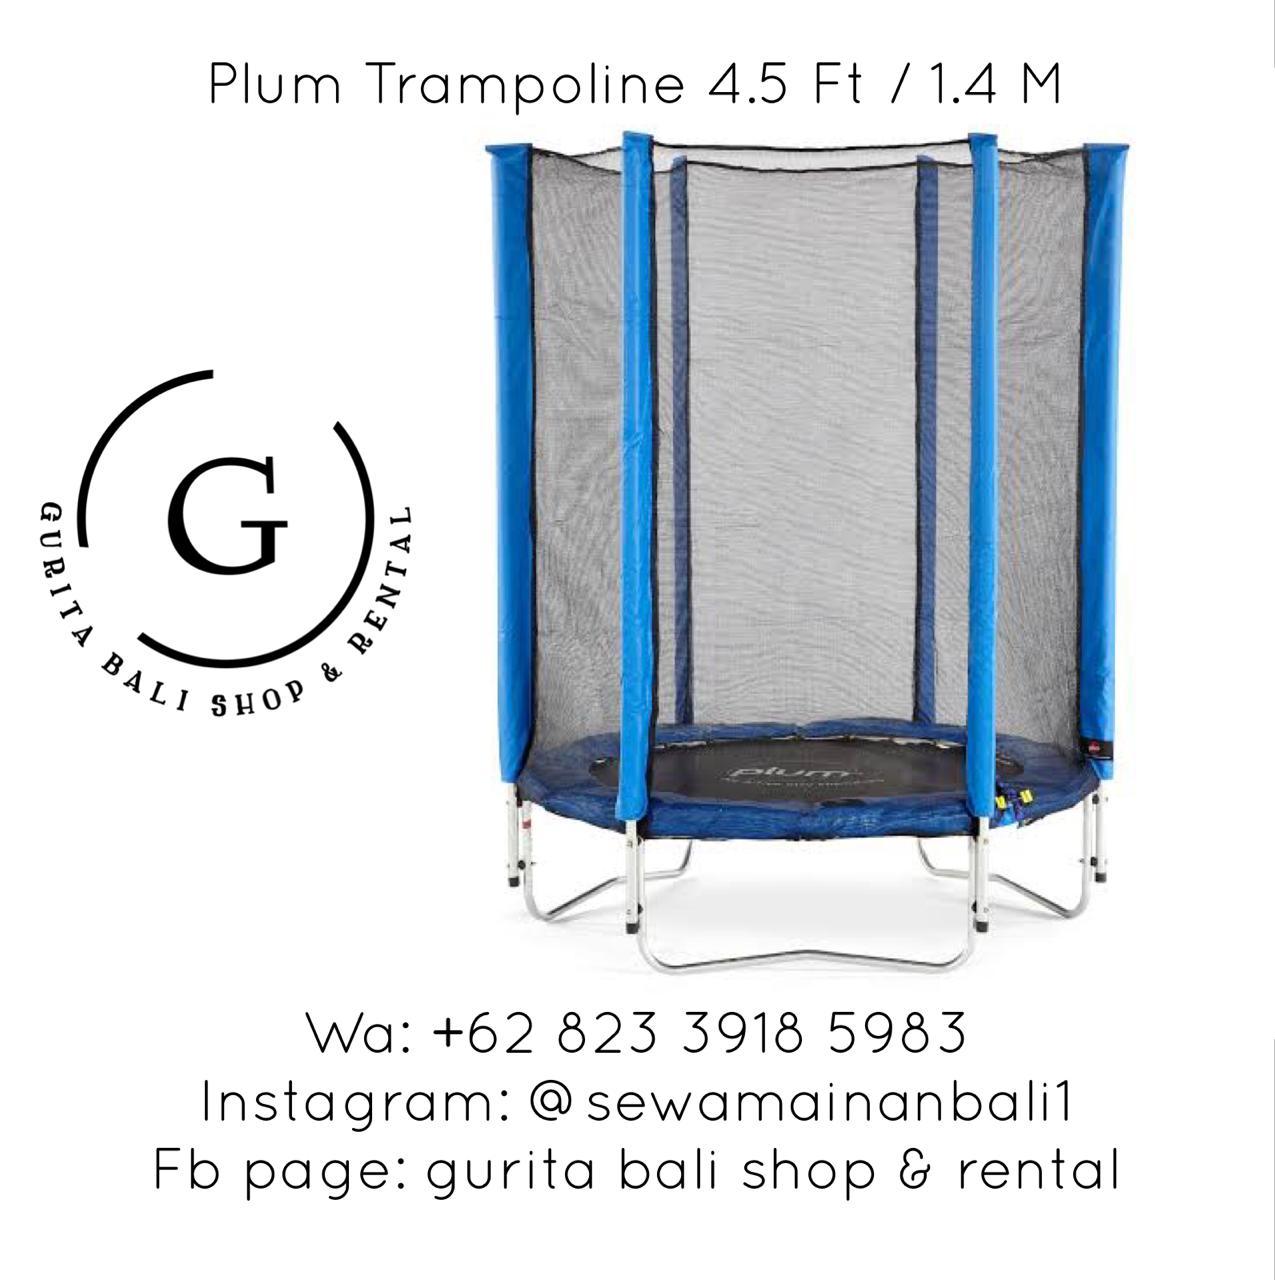 PLUM TRAMPOLINE 1
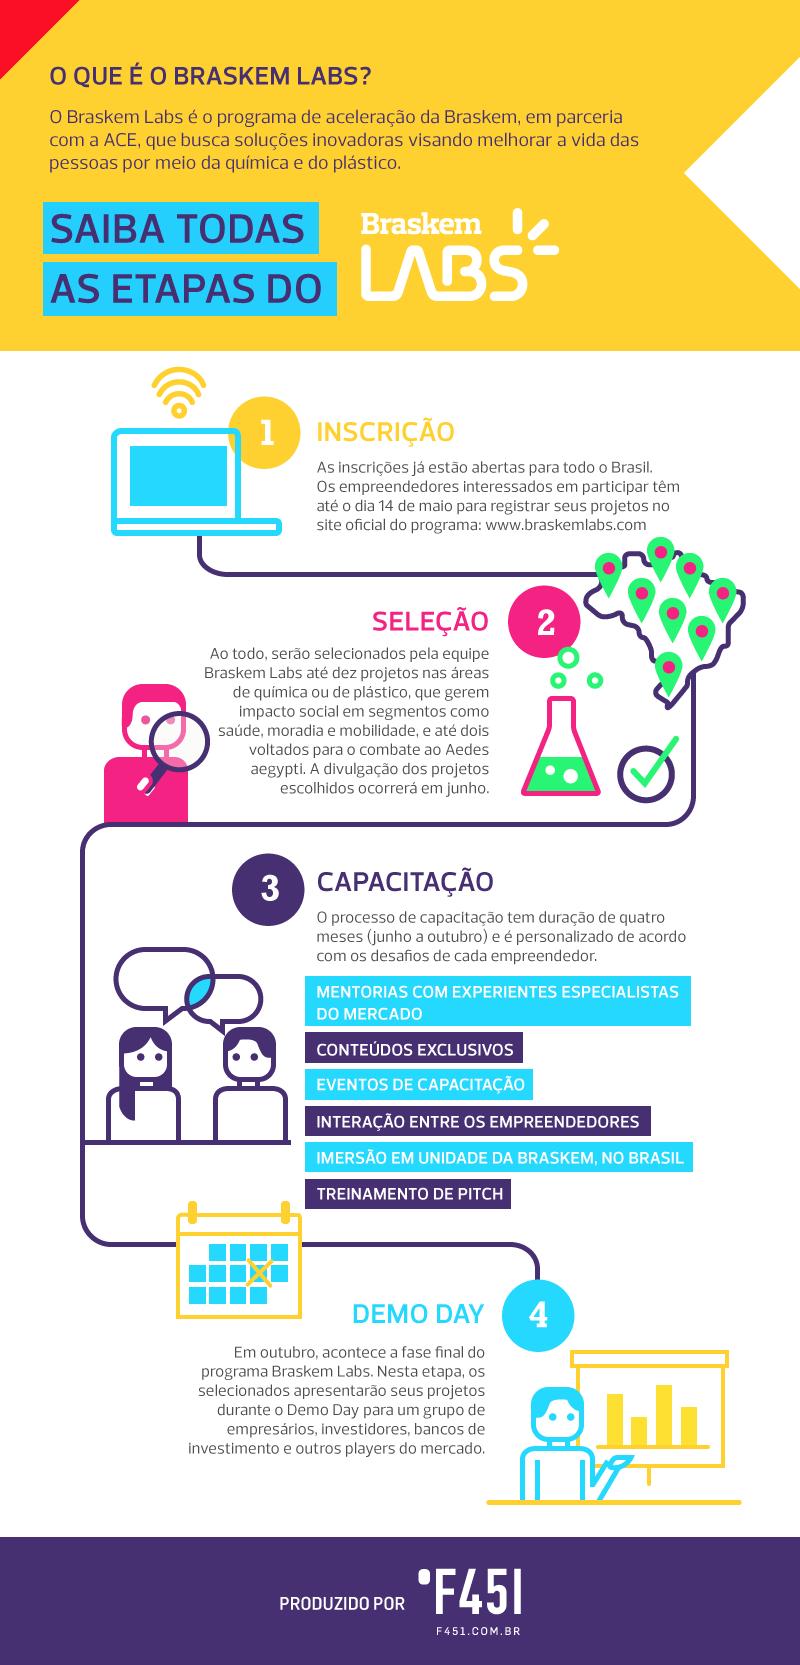 braskem-labs-2017 (2)
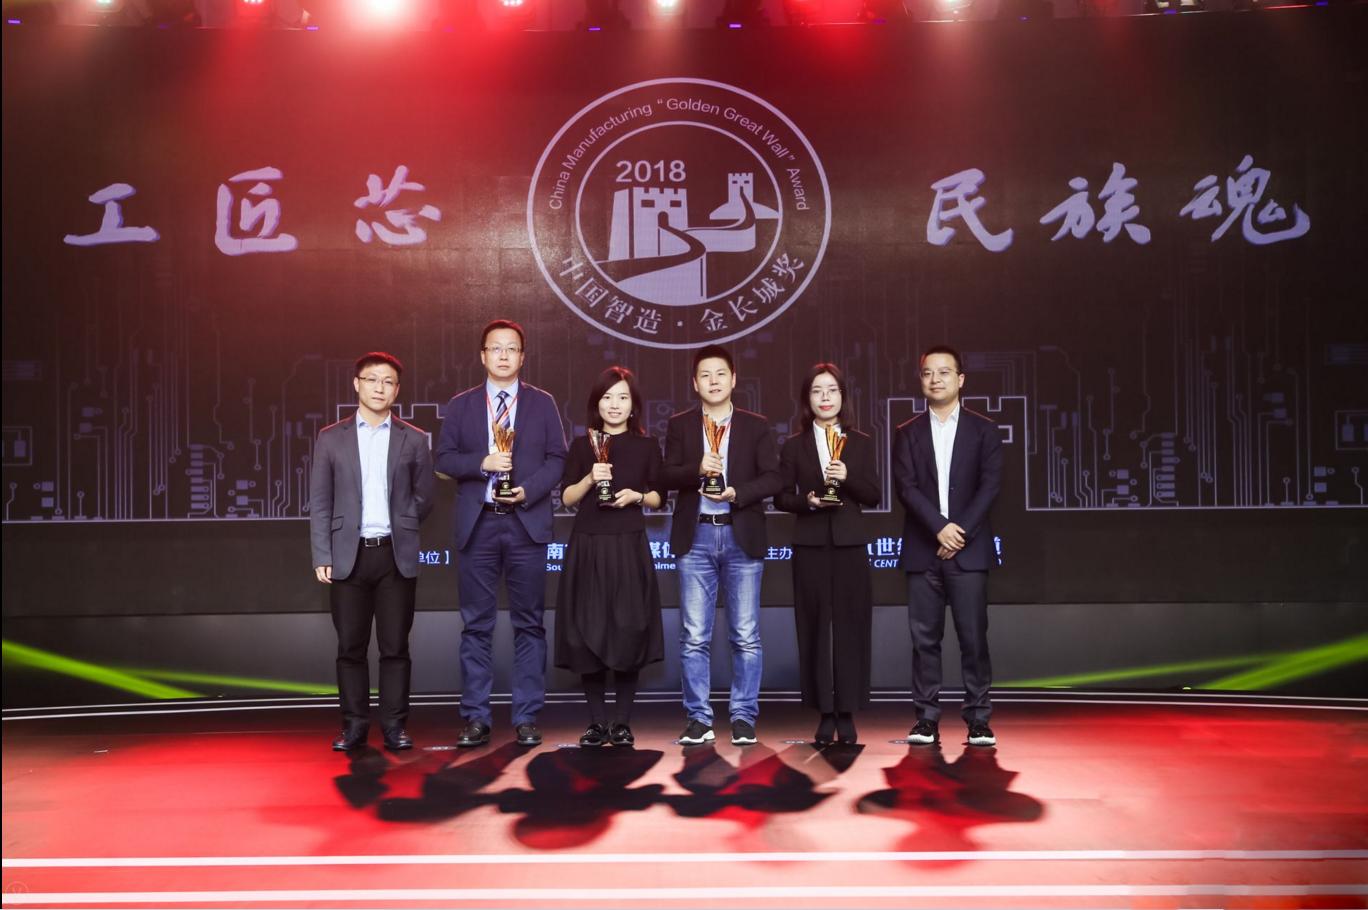 老板电器中央吸油烟机荣膺『金长城奖』,匠心标杆领跑行业
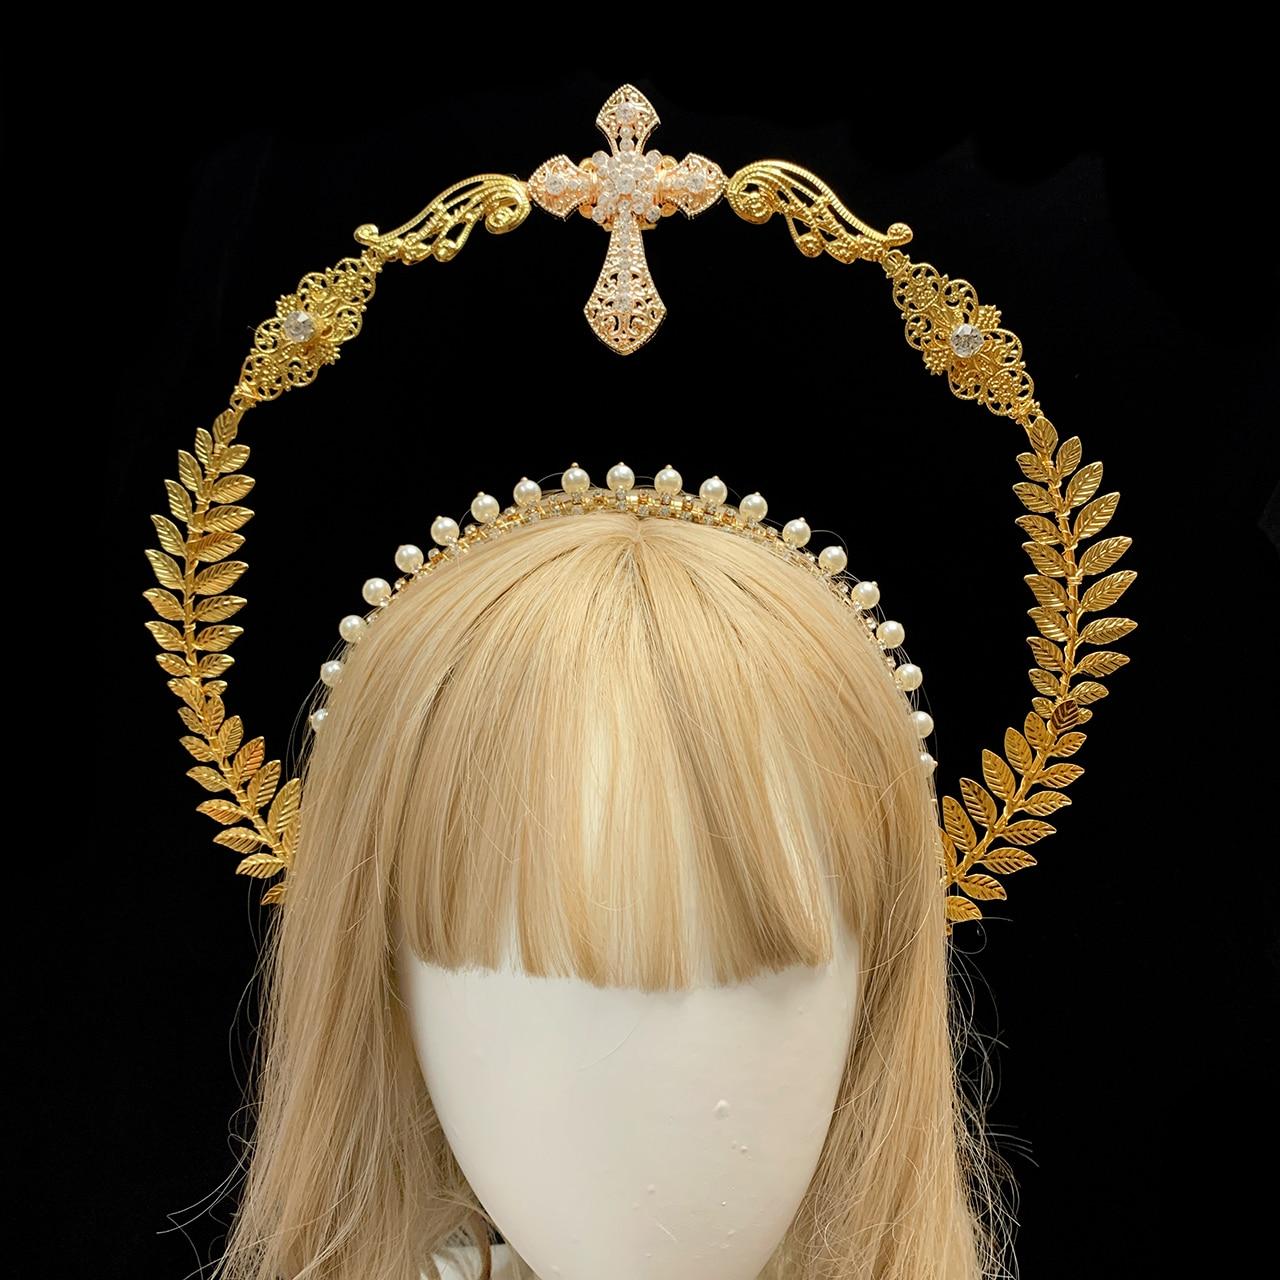 الذهب هالو خوذة لوليتا غطاء الرأس الشمس آلهة مريم العذراء القوطية رائع عقال إكسسوارات الشعر
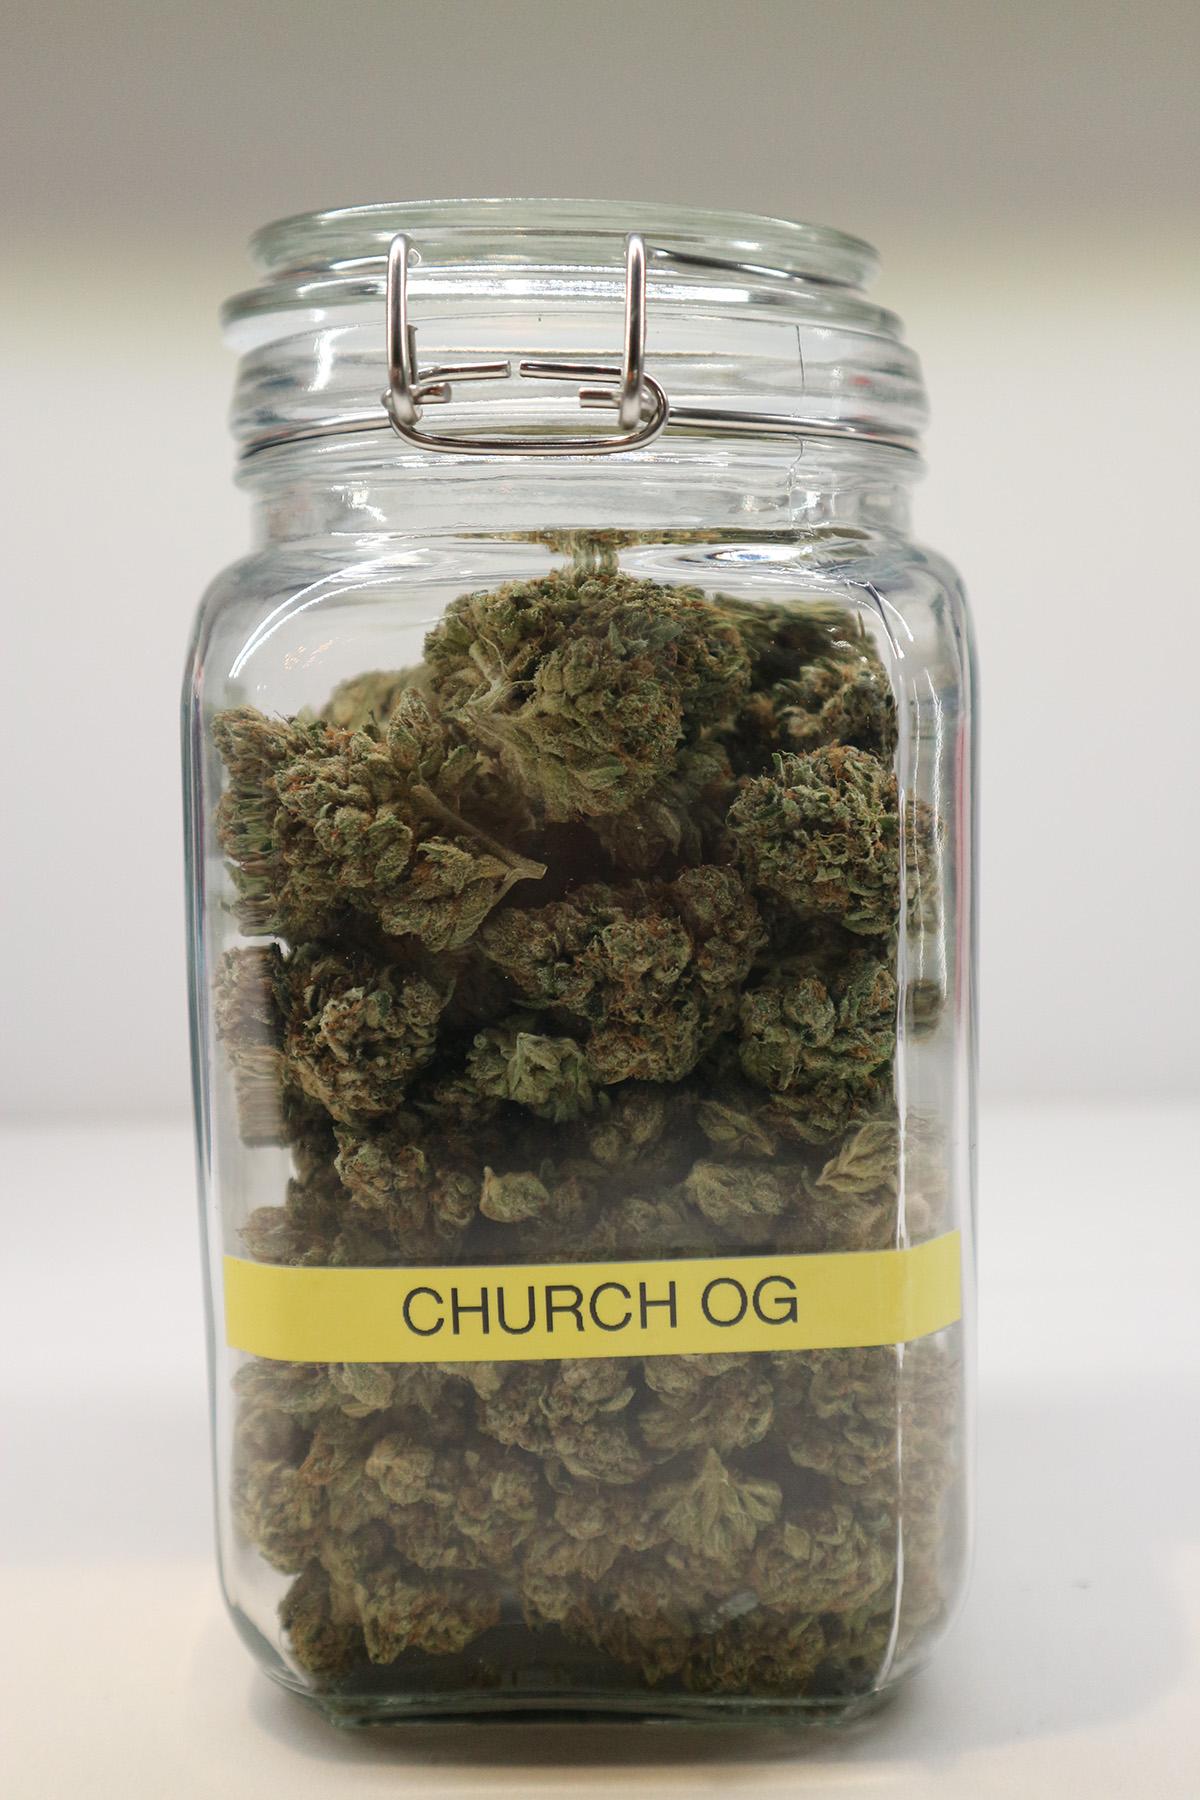 Church OG

........

Leaving every image behind, repeat the data in full and exactly.

 PLUM TRAMPOLINE 1
 braskem-labs-2017 (2)
 老板电器中央吸油烟机荣膺『金长城奖』,匠心标杆领跑行业
 الذهب هالو خوذة لوليتا غطاء الرأس الشمس آلهة مريم العذراء القوطية رائع عقال إكسسوارات الشعر
 Church OG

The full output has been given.